“Word Sense Disambiguation: The Case for Combinations of Knowledge Sources” by Mark Stevenson describes the author’s six year research project into
Word Sense Disambiguation that started with his PhD in 1995. The book includes a summary literature review of previous attempts at Word Sense Disambiguation before building a framework that combines multiple models and filters to produce results of 90-95% accuracy.
This book outlines the author’s research project into Word Sense Disambiguation. It starts with chapters that explain why this is a problem, and a historical literature survey that describes the various approaches. This in itself is very useful, and provides much more background than the more popular NLTK books or individual research papers. These background chapters finish with a discussion of meaning, lexicons, synonyms, and the use of electronic dictionaries.
The rest of the book is devoted to the proposed framework. This is based around a series of
“Disambiguation Modules” which come in three main types:
- Filters. These provide a strong indication of which senses are not appropriate for a particular context.
For example, a filter could use part of speech tags to remove meanings which are not appropriate for the word’s tag.
- Partial Taggers. These have some disambiguation ability, but they are not accurate enough to be relied upon.
- Feature Extractors.

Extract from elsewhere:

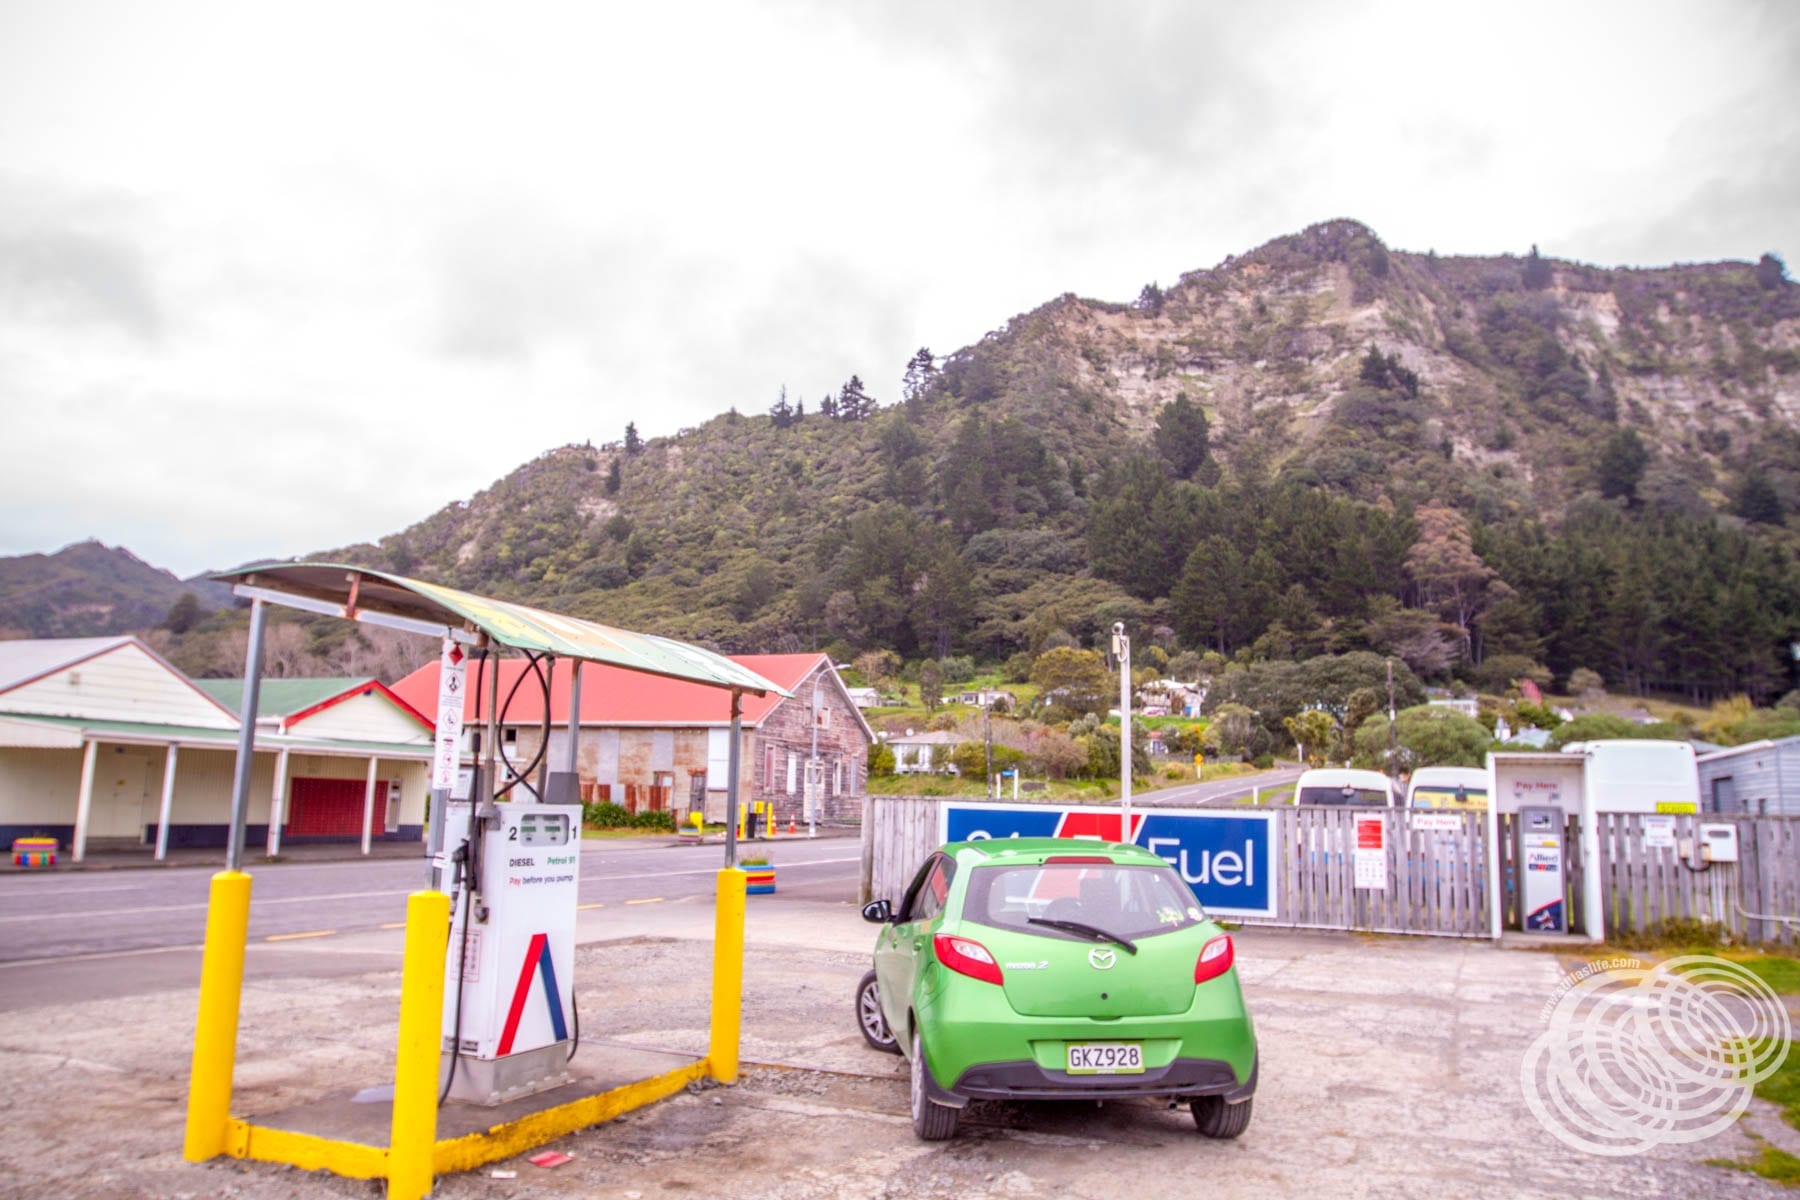 Our economical little Mazda 2 at the unmanned Allied service station in Te Araroa
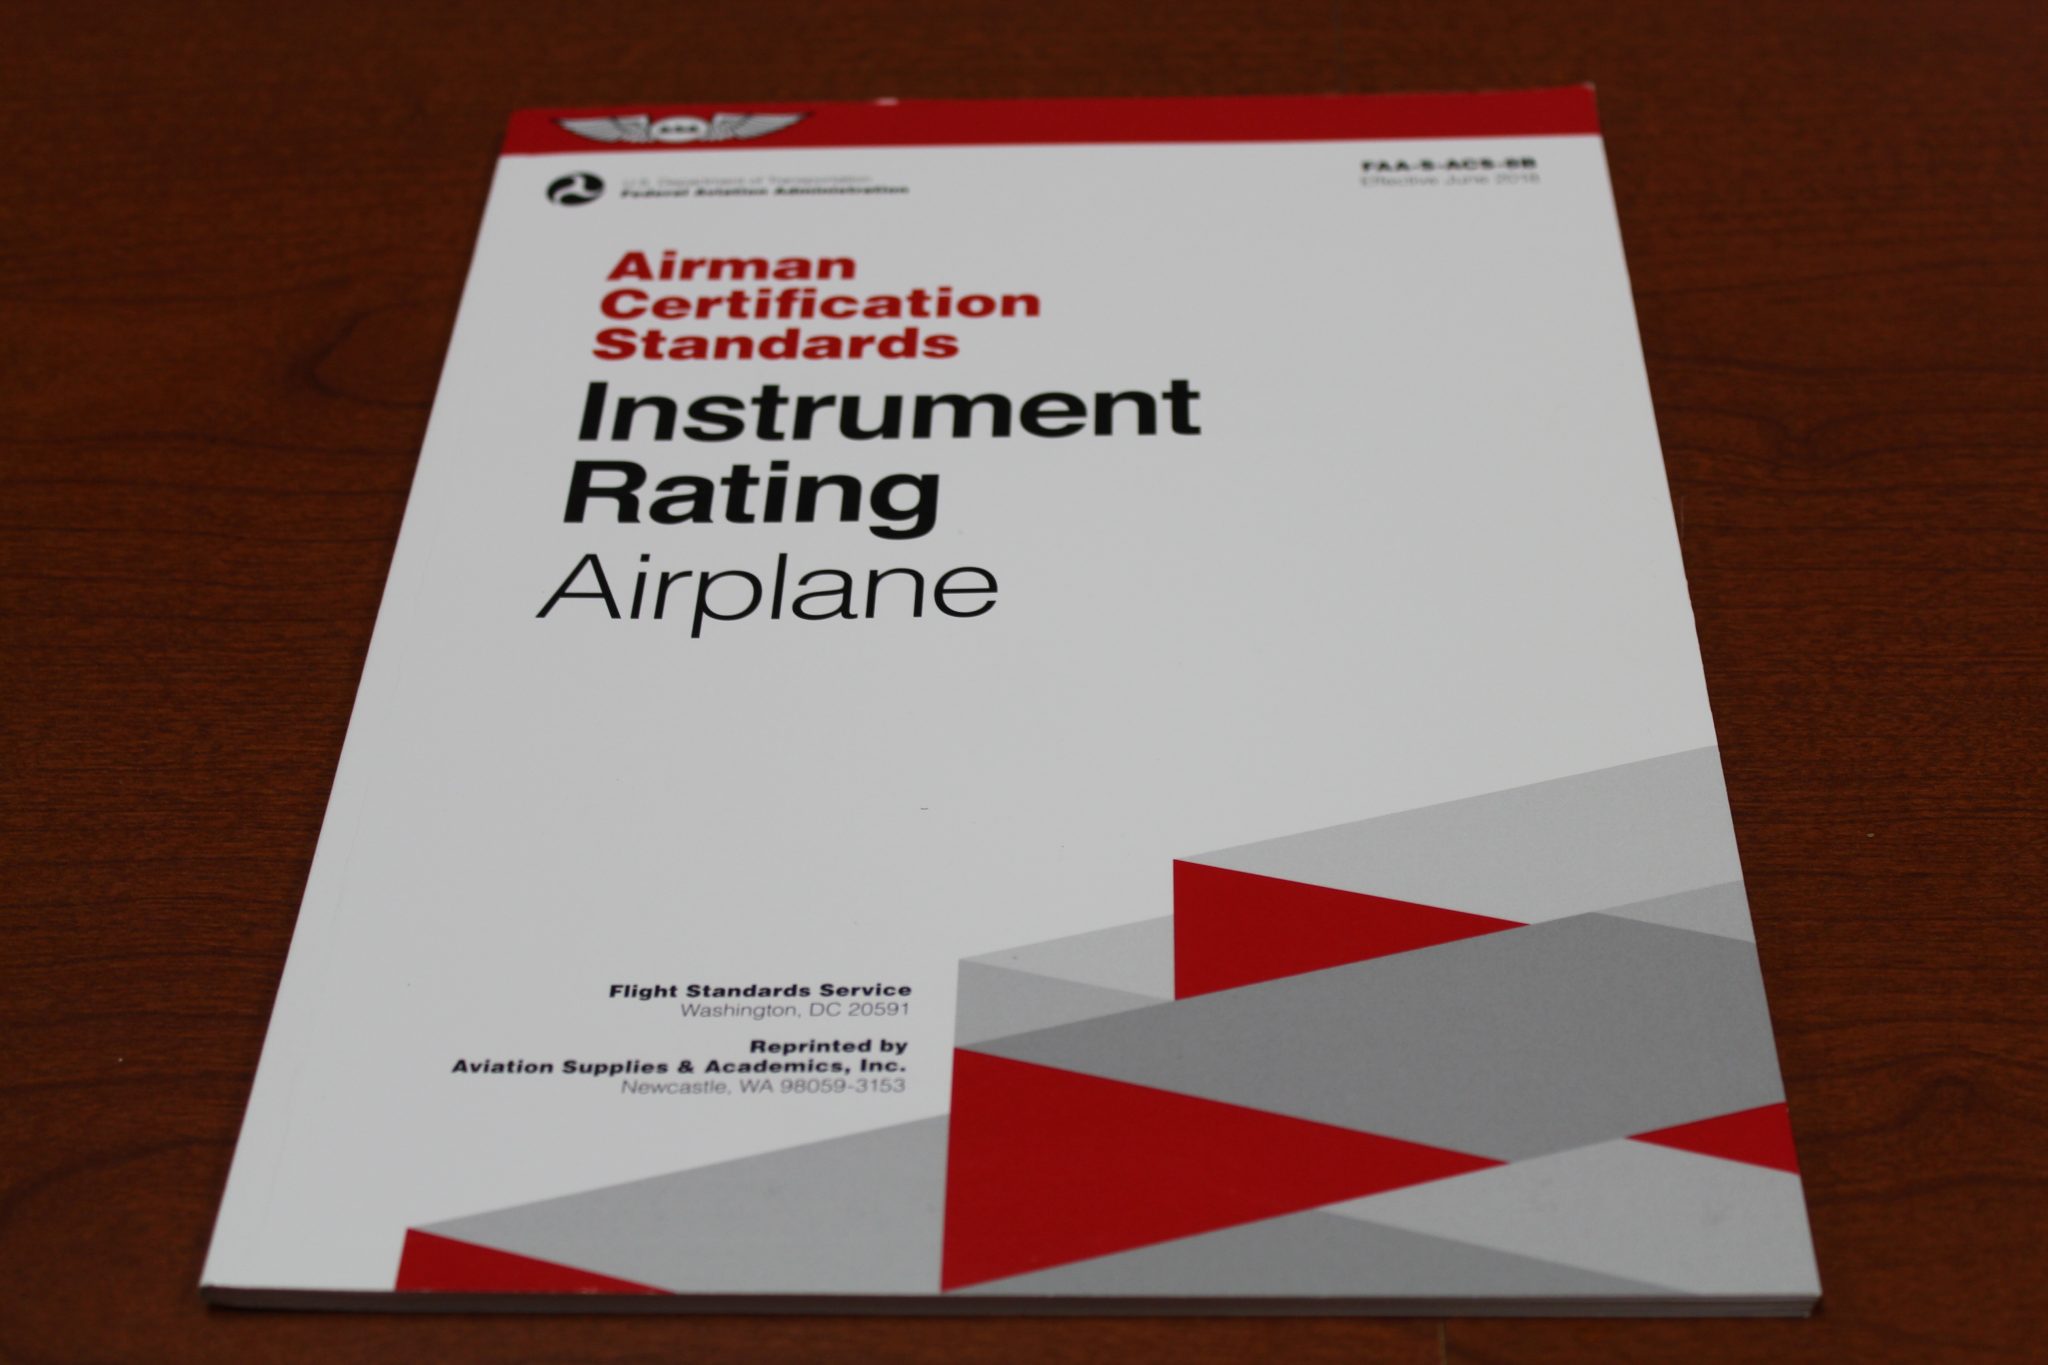 Airman Certification Standards by rating Illinois Aviation Academy

These modules are more auxiliary, and extract features that can be used to define the word’s context.
For example, an extractor could determine the text’s topic.
A Word Sense Disambiguation implementation would typically use multiple examples of these modules which use different data sources and/or approaches. Stevenson readily admits that he is not the first person to think of combining multiple algorithms to produce a better, aggregate result. Even the various NLTK “back-off” algorithms implement a simple form of this.
Rather than a simple back-off implementation or a weighted sum, Stevenson combines the various results using a TiMBL learning system. TiMBL (“Tilburg Memory-Based Learner”) is an open source memory based learning system. This implements a number of algorithms, but is typically used for tree-based k-nearest neighbor classification. Further details can be found at https://languagemachines.github.io/timbl/ (the URL in the book’s bibliography is out of date).
After presenting the framework, Stevenson gives a number of examples and further implementation details for what should be a full system. He then finishes with a discussion of sense tagged corpora (finding and creating them), and an evaluation of the framework through a couple of experiments.
Overall the book is academic in tone when compared to the previous books that I have reviewed. This is echoed by the use of TeX and Computer Modern to typeset the book, plus the widespread use of technical acronyms. However, considering the academic nature of the book, I found it much more readable than other academic texts in the NLP and machine learning fields.
Michael Swaine described this book as a major step forward when it was published in 2003, and it does feel like it represented the state of the art. Modern practitioners should still find it a useful addition to their bookshelf.